Cumulocity DataHub on Edge offers the same functionality as a cloud installation of Cumulocity DataHub, and is an optional component of Edge. The significant difference is that processes and data are entirely local to your network, rather than in the cloud. You can define offloading pipelines, which regularly move data from the Operational Store of Cumulocity into a data lake. In the Edge setup, a NAS or local disk is used as data lake. Dremio, the internal engine of Cumulocity DataHub, can access the data lake and run analytical queries against its contents, using SQL as the query interface.

To learn more about DataHub in general, see DataHub overview. As an end user, DataHub on Edge appears and behaves much the same as DataHub in a cloud installation, subject to the limitations in the comparison table later in this section.

Installing and using DataHub

DataHub is an optional component of Edge, and can be enabled by updating the spec.dataHub field in the Edge custom resource (CR). For more details on the spec.messagingService field, refer to Edge custom resource - DataHub. For general guidance on configuring Edge, see the Install Edge and Modify Edge sections.

The data lake and related storage will always be written to the host file system under the path /datahub, whatever is mounted there. You are expected to have a single shared NAS file system, such as NFS mounted at that path on all nodes of the Kubernetes cluster that Edge is running on. This is to ensure the resilience of your data lake contents.

In order to access Dremio, you must also make the domain datahub-<domain_name> resolvable, just as the configured domain name and management-<domain_name> were made resolvable in Accessing Edge.

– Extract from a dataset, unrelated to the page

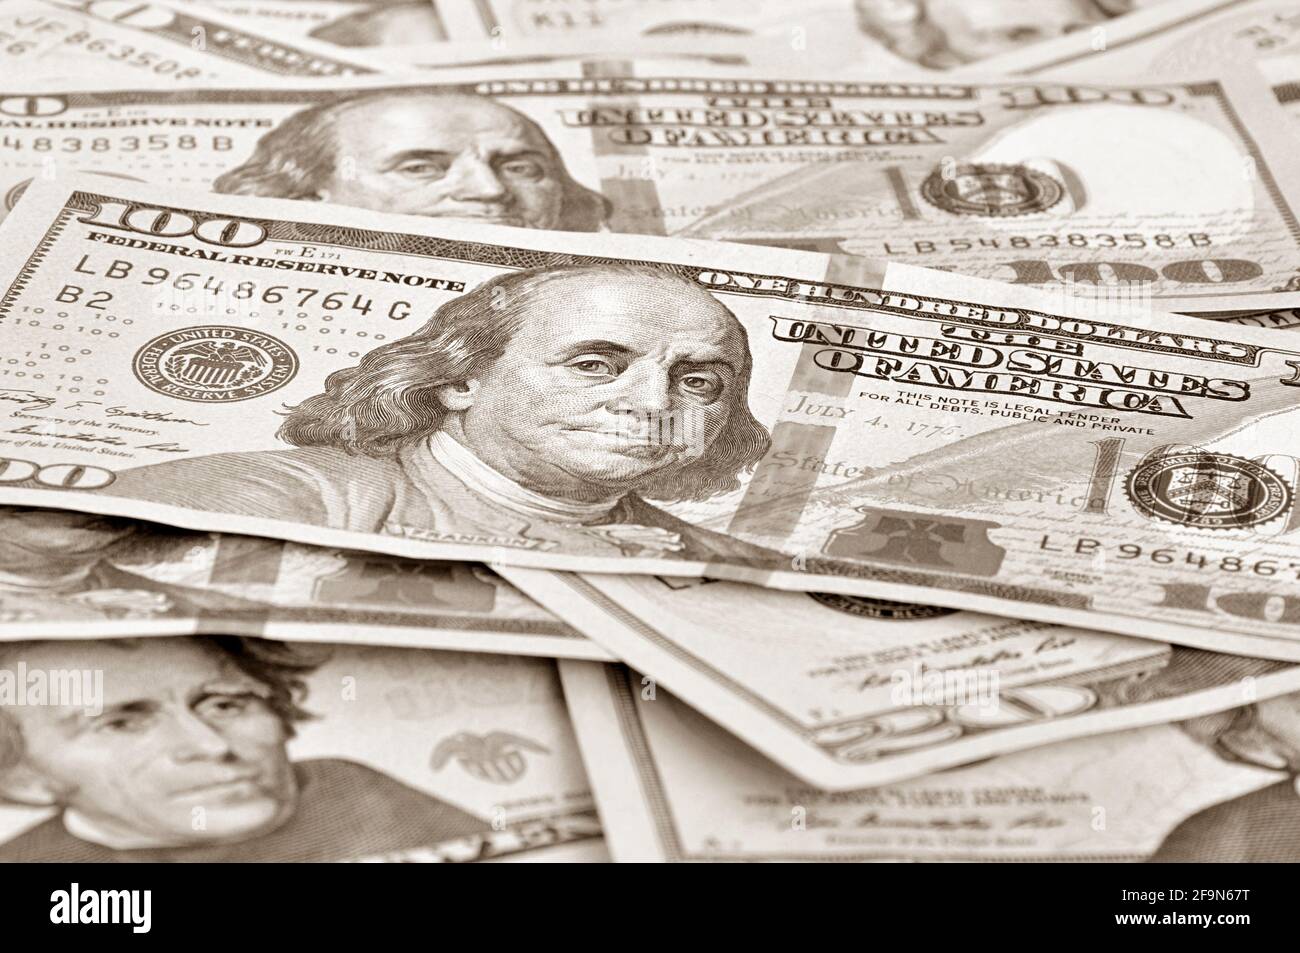 Money - United States dollars (USD) bills in retro style sepia effect Stock Photo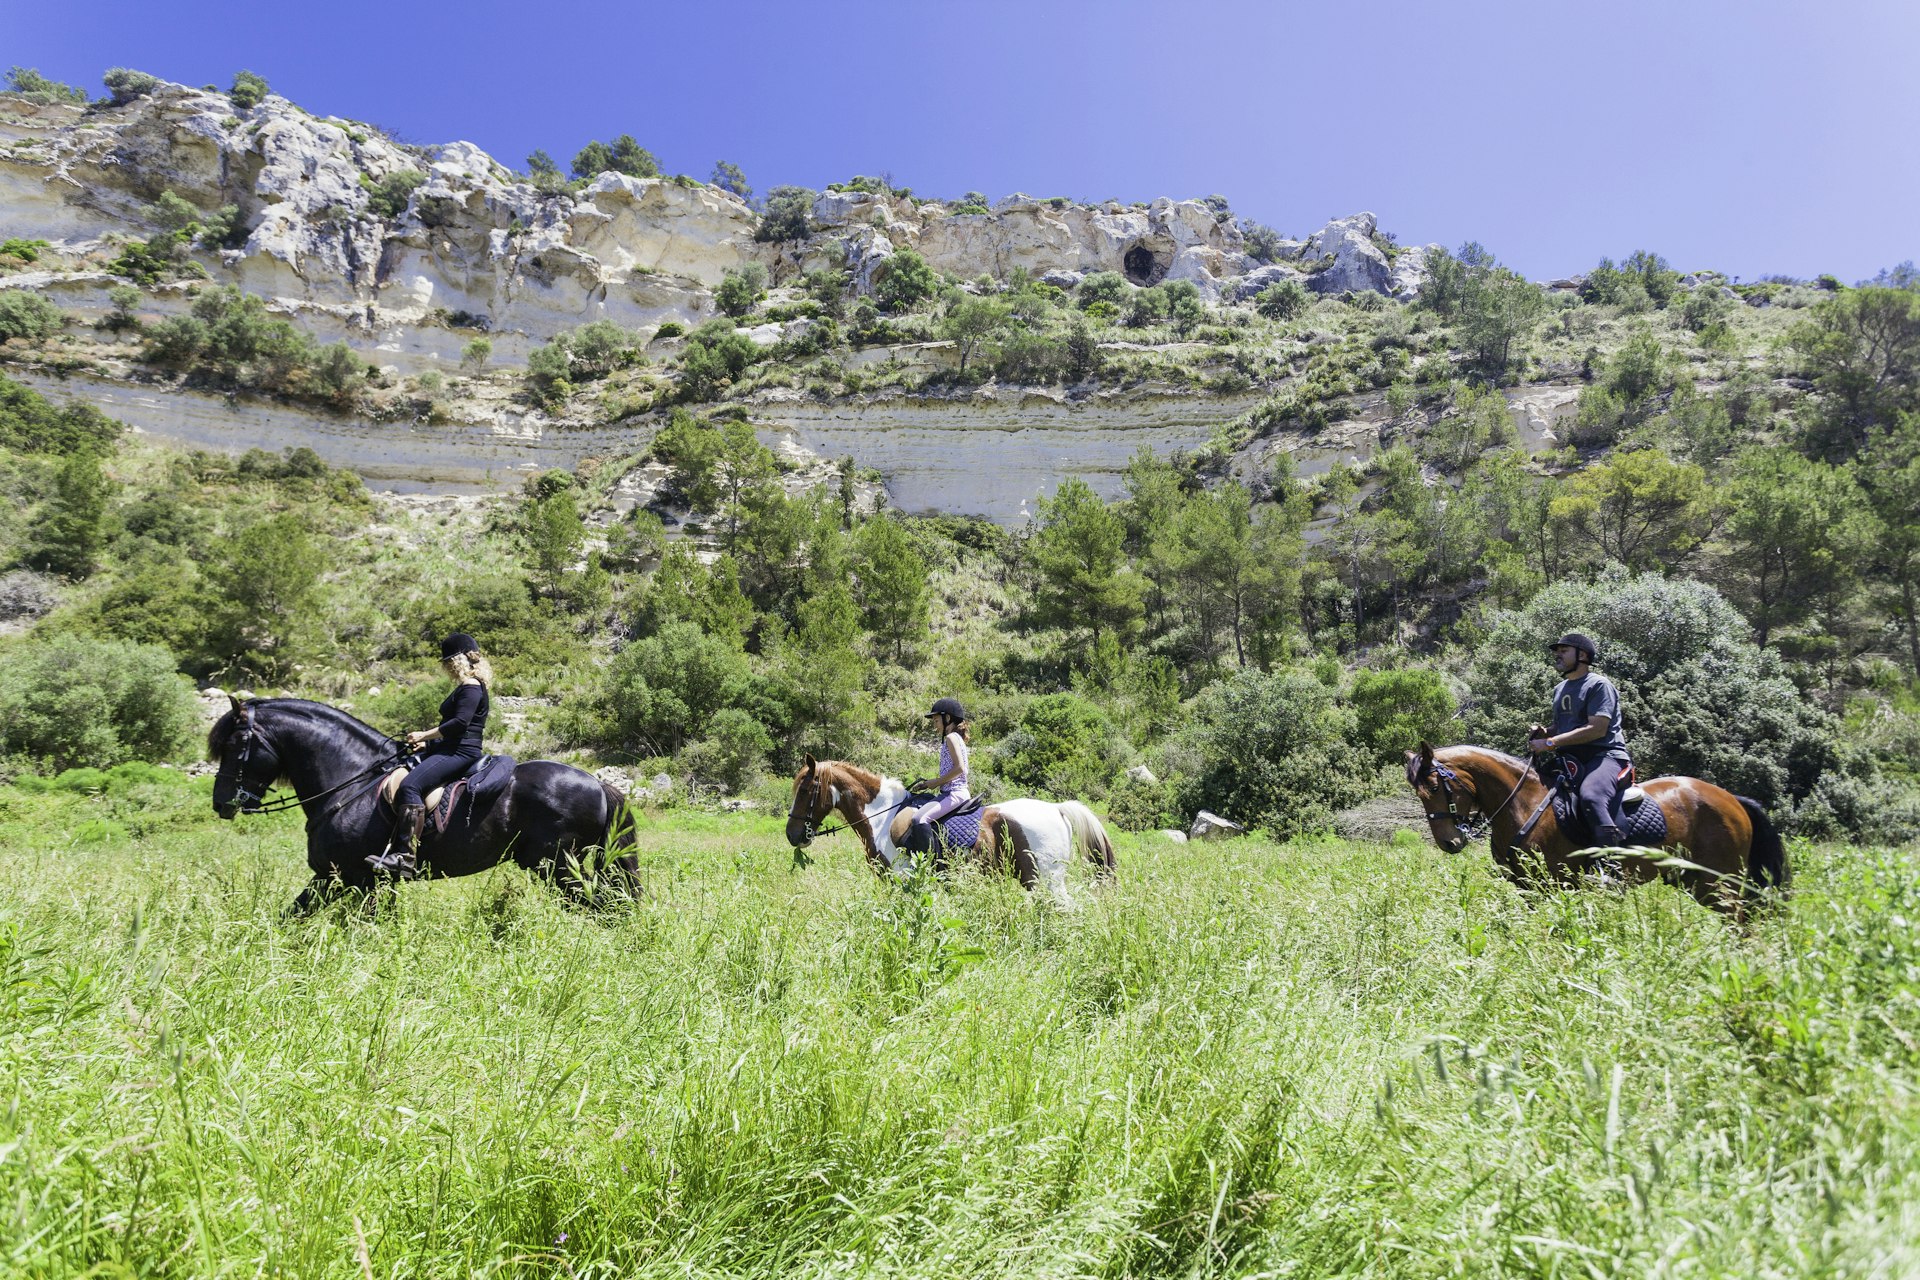 Three horseback riders following a trail through long grass, with steep cliffs rising behind them

Comparison between DataHub Edge and DataHub Cloud

Area Cumulocity DataHub Edge Cumulocity DataHub Cloud
High availability Depending on any underlying virtualization technology Depending on the cloud deployment setup
Vertical scalability Yes Yes
Horizontal scalability No Yes
Upgrades with no downtime No No
Installation Offline & Online Online
Dremio cluster setup 1 master, 1 executor Minimum 1 master, 1 executor
Data lakes NAS or local disk Azure Storage, S3, (NAS)